John Updike’s Rabbit, Run and Thomas Pynchon’s V. were published in 1960 and 1963 respectively. I read them more or less back to back in the mid seventies.

Rabbit is what people generally mean by “realistic,” providing an overview of a young man’s middle-class existence (his ageing is chronicled in three subsequent novels). Updike understood the ways, habits, and thought processes of the American middle class as perceptively, I believe, as is possible.

Pynchon in V. was not much interested in the psychology of his characters, who tend to be socially disconnected. The novel is a mystery without a solution, a contemplation of complexity and disintegration in their own right. It progresses by geographic and chronological lurches.

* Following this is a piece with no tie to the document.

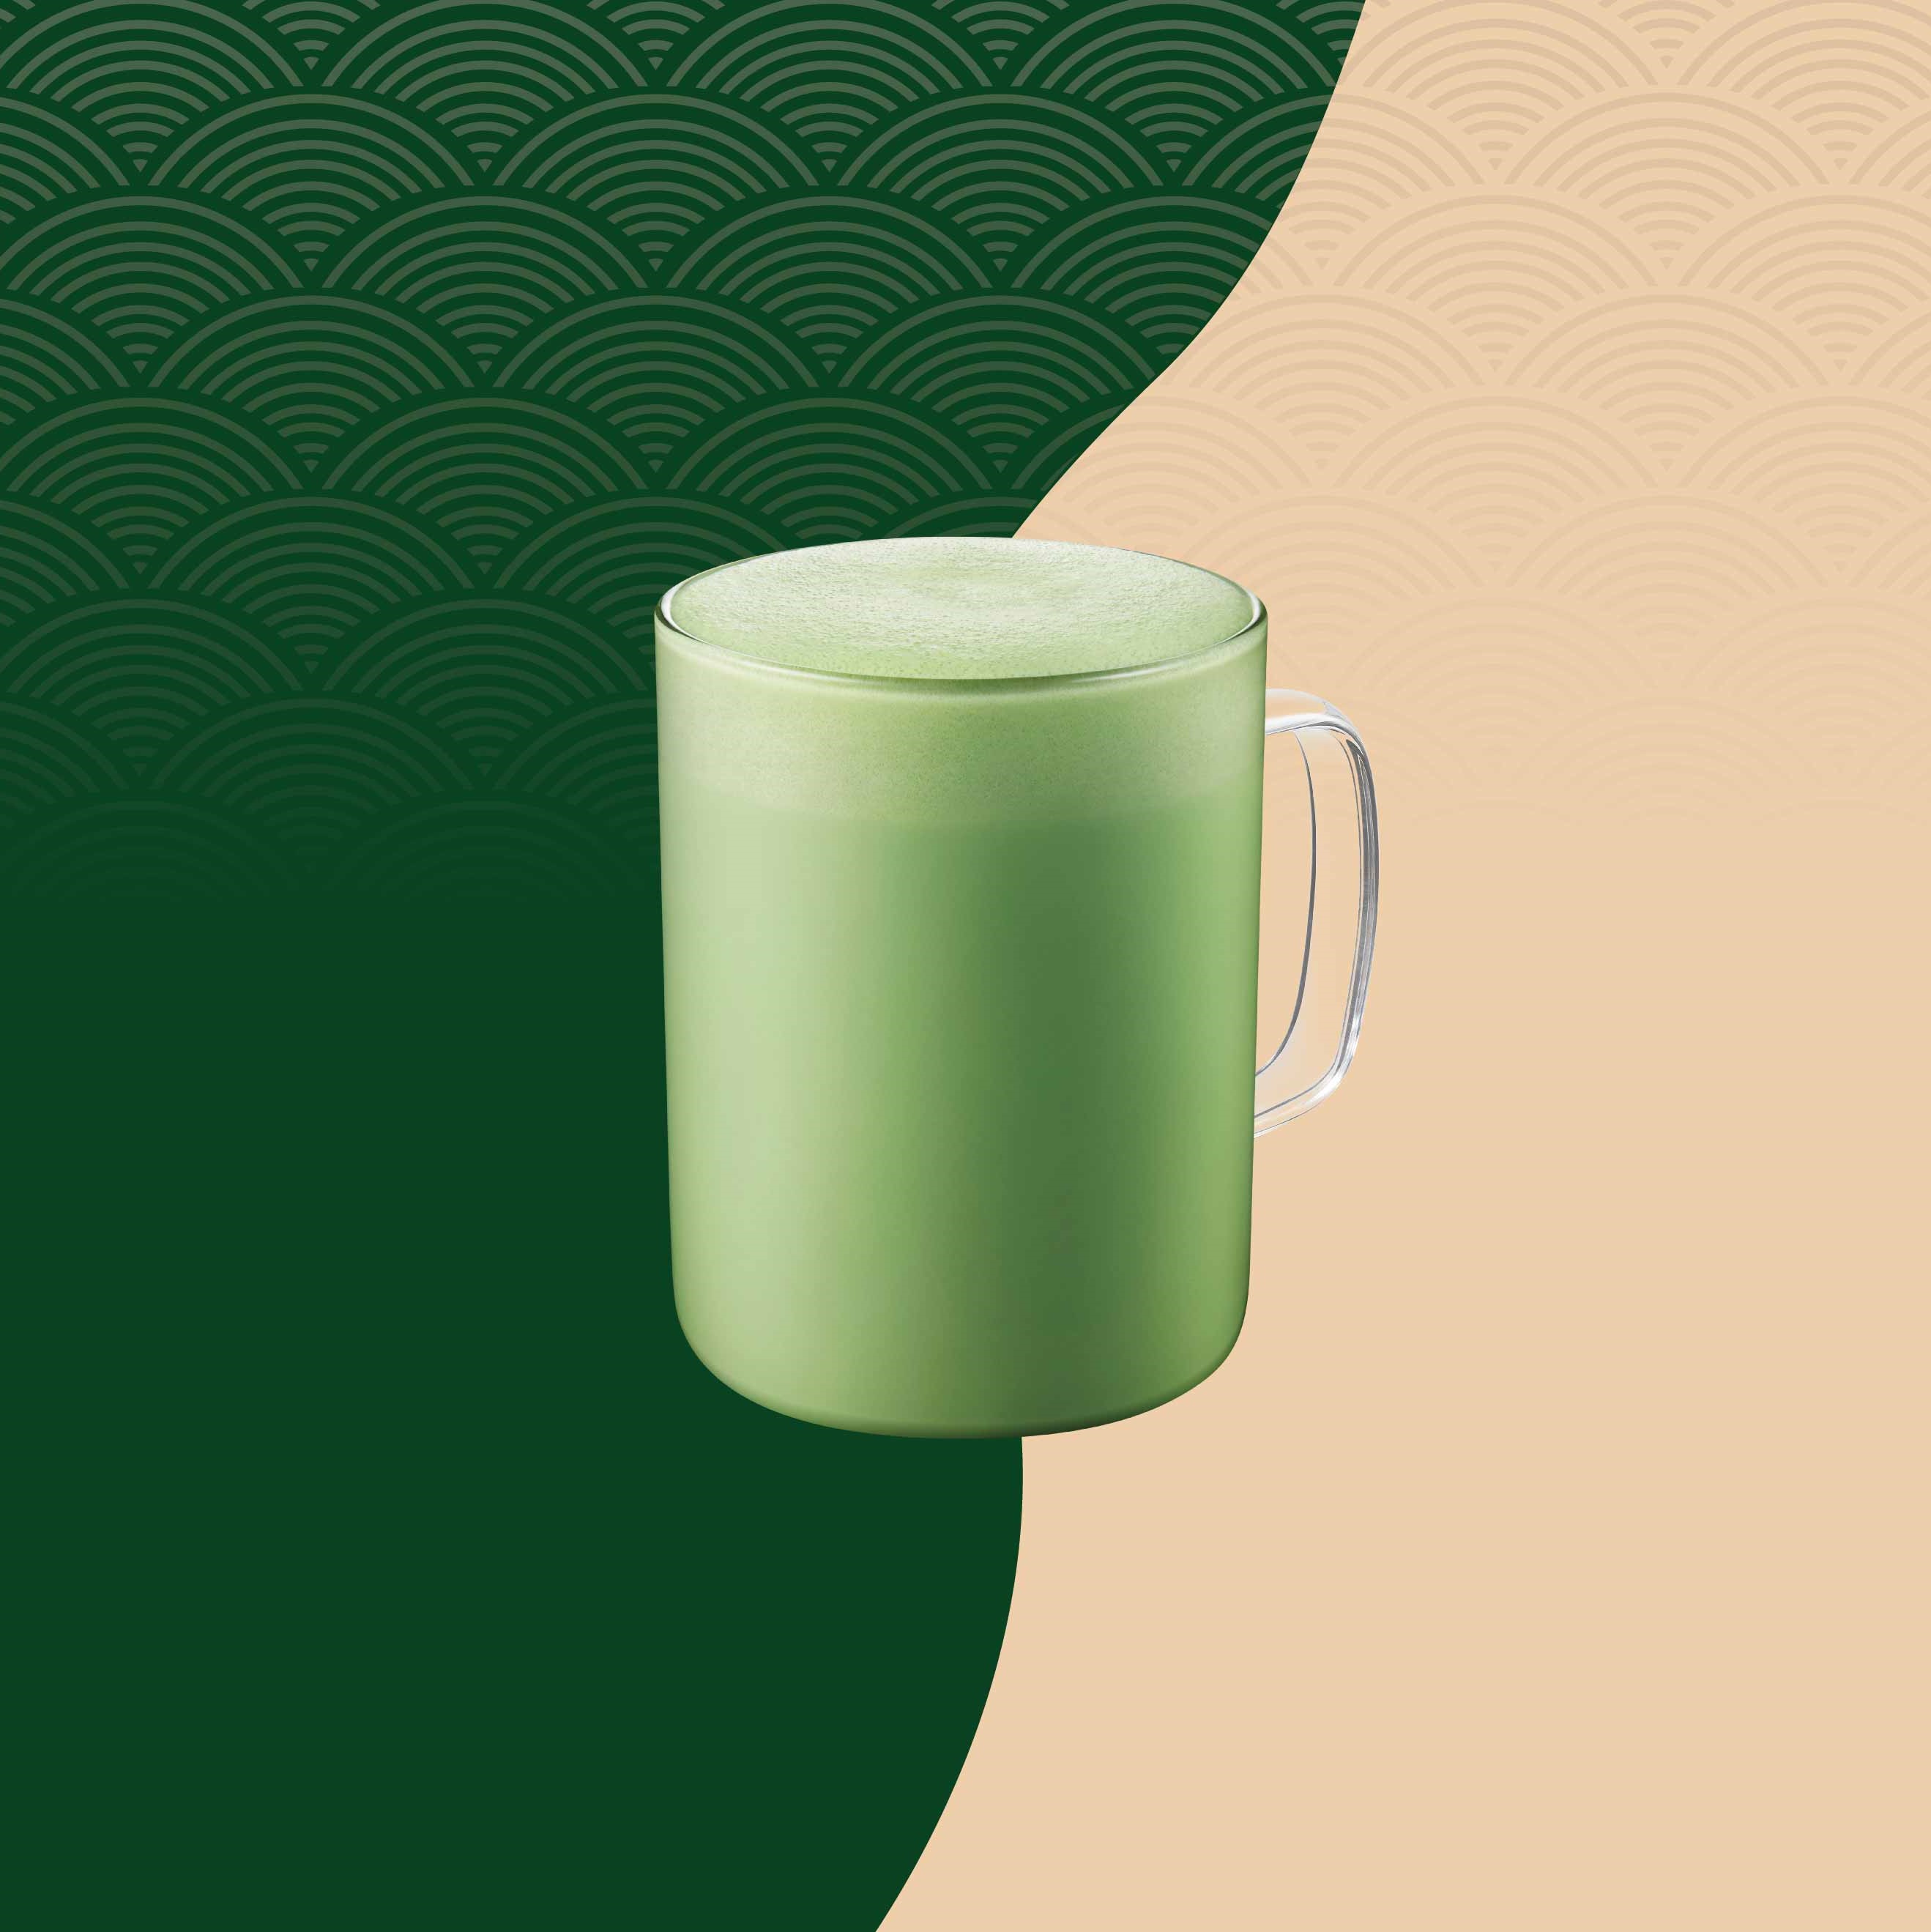 Starbucks_Pure Matcha Latte.jpg

My family was financially middle class; but, due to the nature of my father’s work, we lived in a world much more like Pynchon’s than Updike’s. And this is why V. feels, to me, more like reality than does Rabbit and why the parallel universe sketched out by this movie list is so gothic/noir, emphasizing, for example, Huston more than Ozu.

"Verisimilitude" is the word that applies here. It is "the quality of appearing to be real or true" [Webster's II]. In fiction a lot of artificial means are used to achieve this effect.

To me - and I realize this will not be the case with most people - while Rabbit, Run does look like real life, it's V. that feels like real life. Or, at any rate, life as I have come to understand it.